Во-первых, спас свою армию при
минимальных (но неизбежных) в такой ситуации потерях. Во-вторых, спас Славянск,
Краматорск и его оставшихся жителей от окончательного уничтожения. Тут следует
чуть остановиться, поскольку в адрес Стрелкова сыплются упреки в том, что этих
жителей он предал. Для полноты картины предательства запускают, например,
провокаторшу, вопящую о распятии карателями младенца в оставленном Славянске.

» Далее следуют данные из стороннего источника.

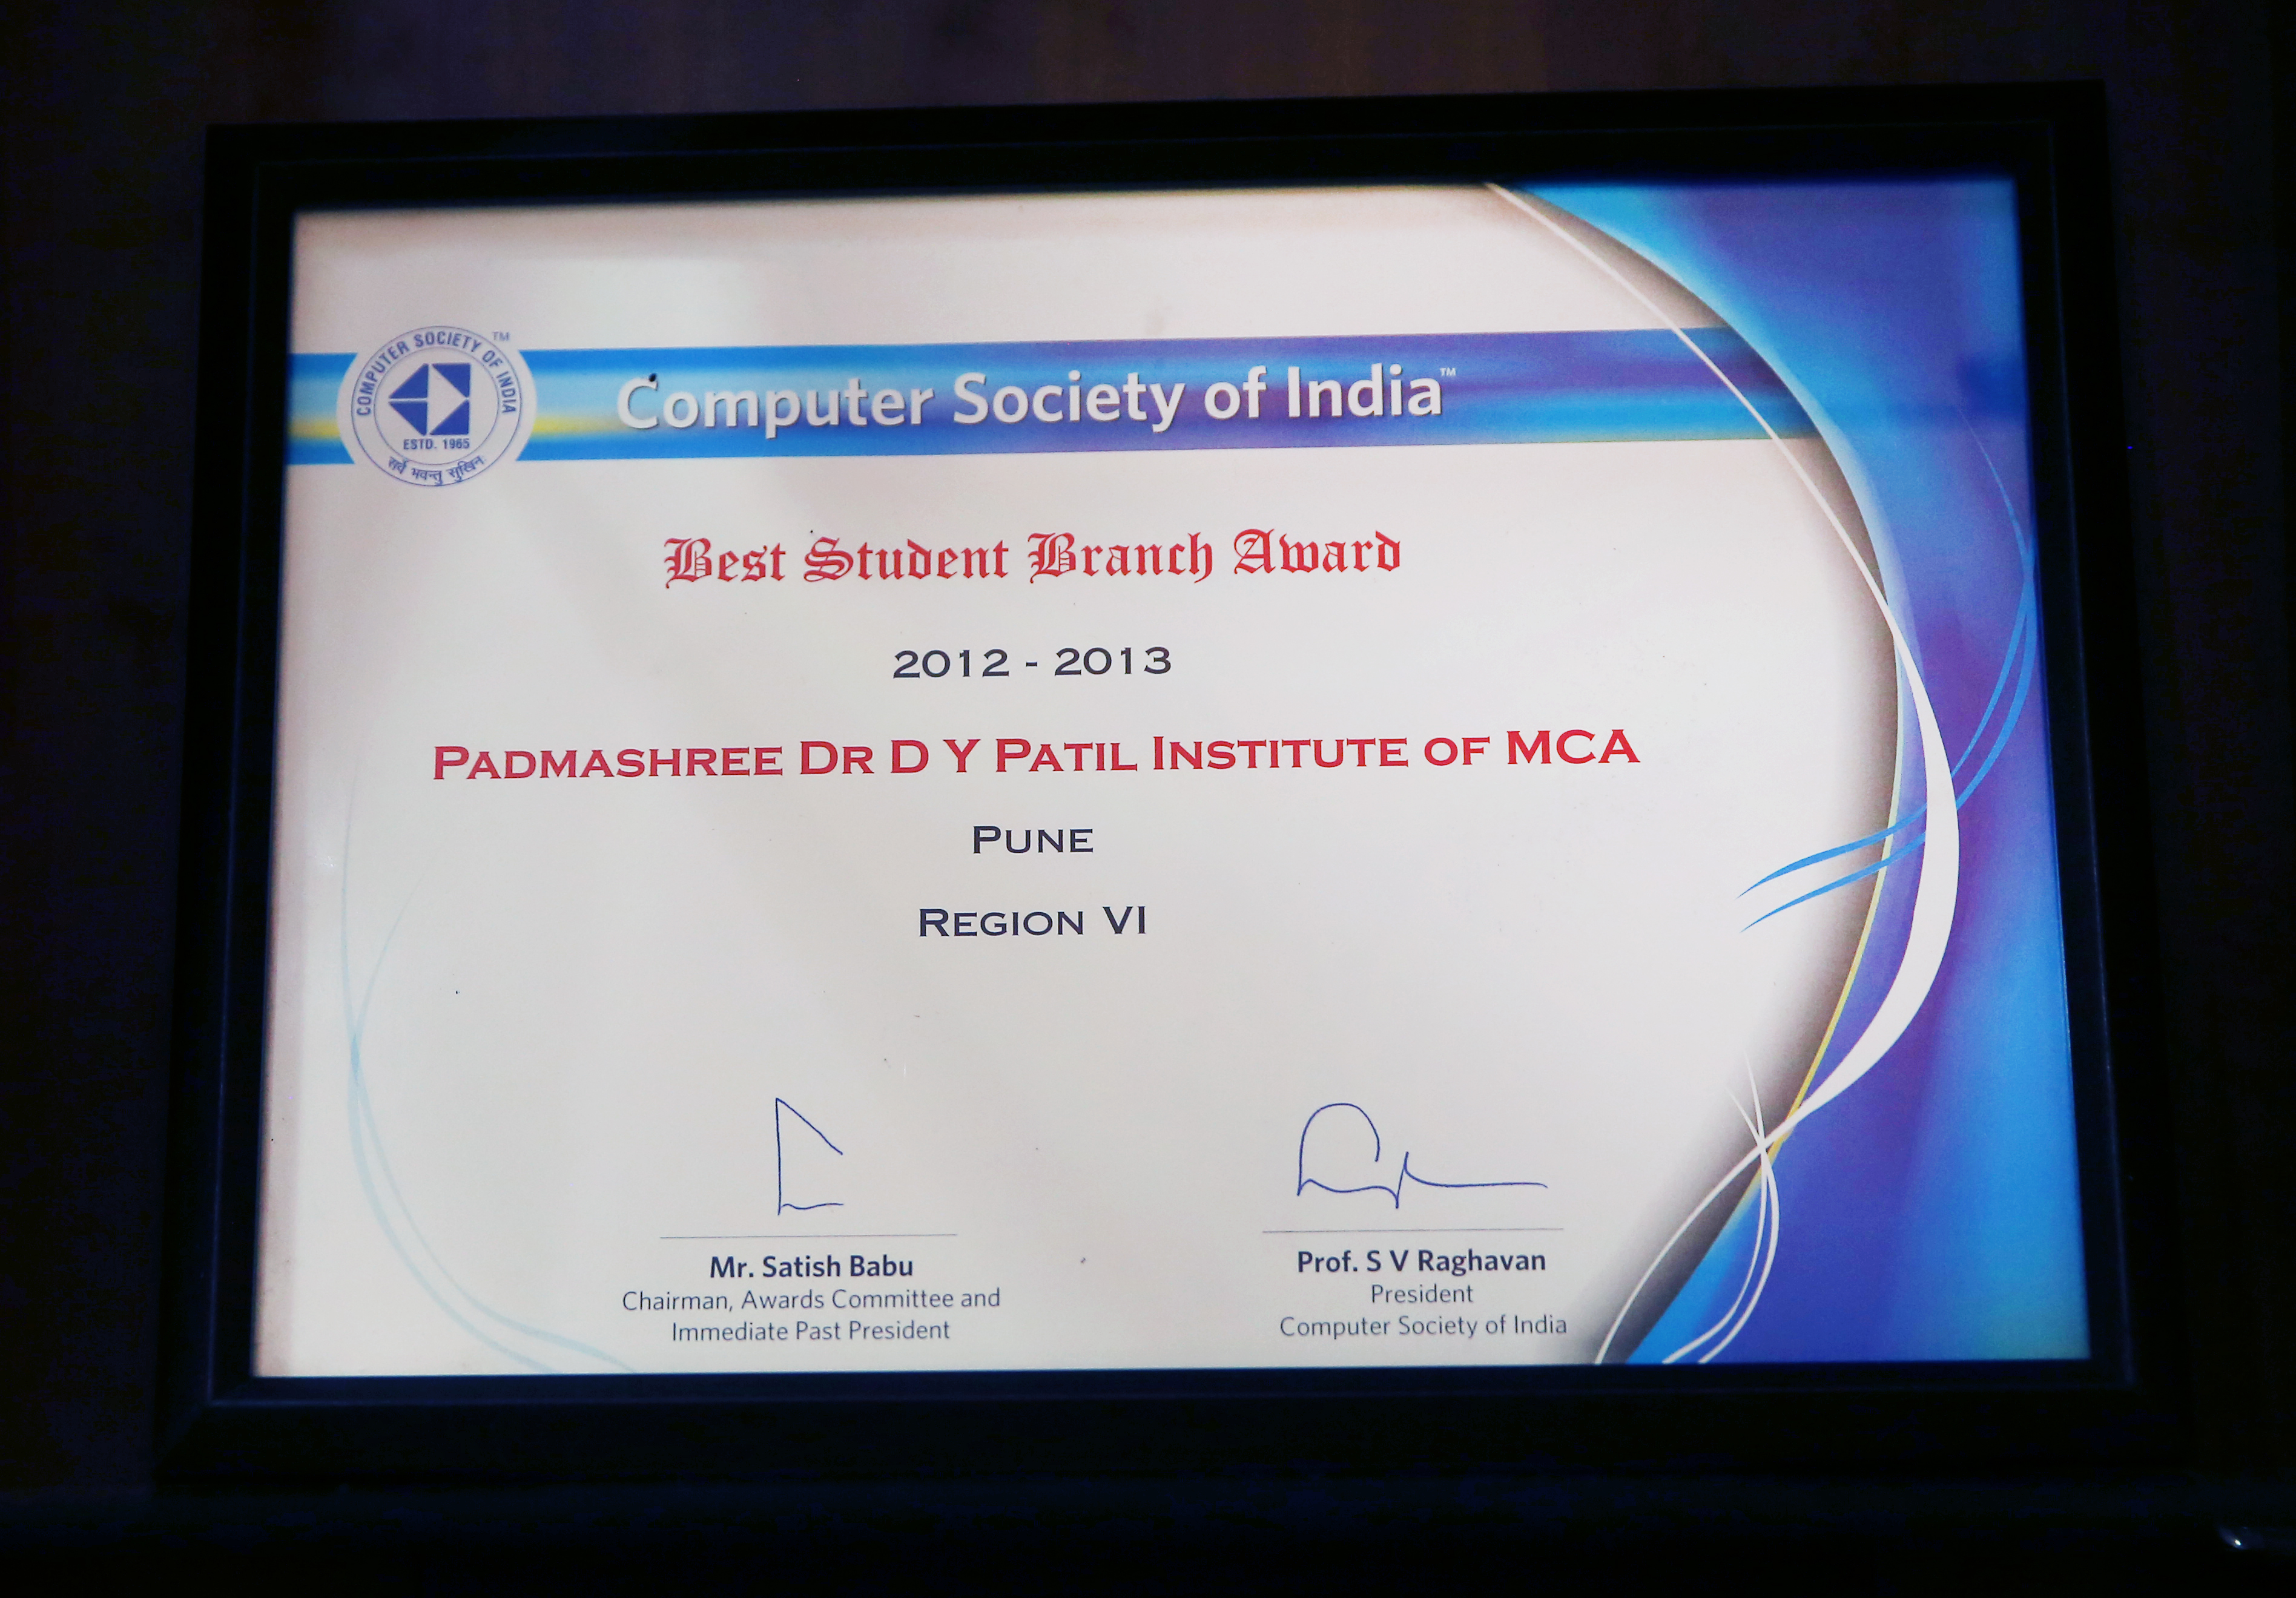 BestAccreditedStudentBranchAwardbyComputerSocietyofIndiain2014.jpg

На самом деле, всем ясно, что каковы ни были на захваченных территориях
зверства карателей, они просто не могут превысить те жертвы, которые были бы в
случае продолжения обстрелов и бомбардировок, полной блокады, лишения жителей
еды и воды. Другой упрек может касаться того, что теперь участь Славянска
уготована Донецку. Тяжело признать, но это более-менее так. Однако надо
понимать, что в городах Славянского региона ситуация дошла до критической
точки, а в Донецке еще нет. Звучит цинично, но – идет война со всеми ее ужасами
и цинизмом.
Мирное население страдает от всех
войн с начала ХХ века. Это раньше было: «И вот нашли большое поле, есть
разгуляться где на воле…» Но и раньше гражданские
войны велись по совершенно
иным правилам: там никаких «больших полей» не искали, а всеми методами, при
любых обстоятельствах уничтожали друг друга.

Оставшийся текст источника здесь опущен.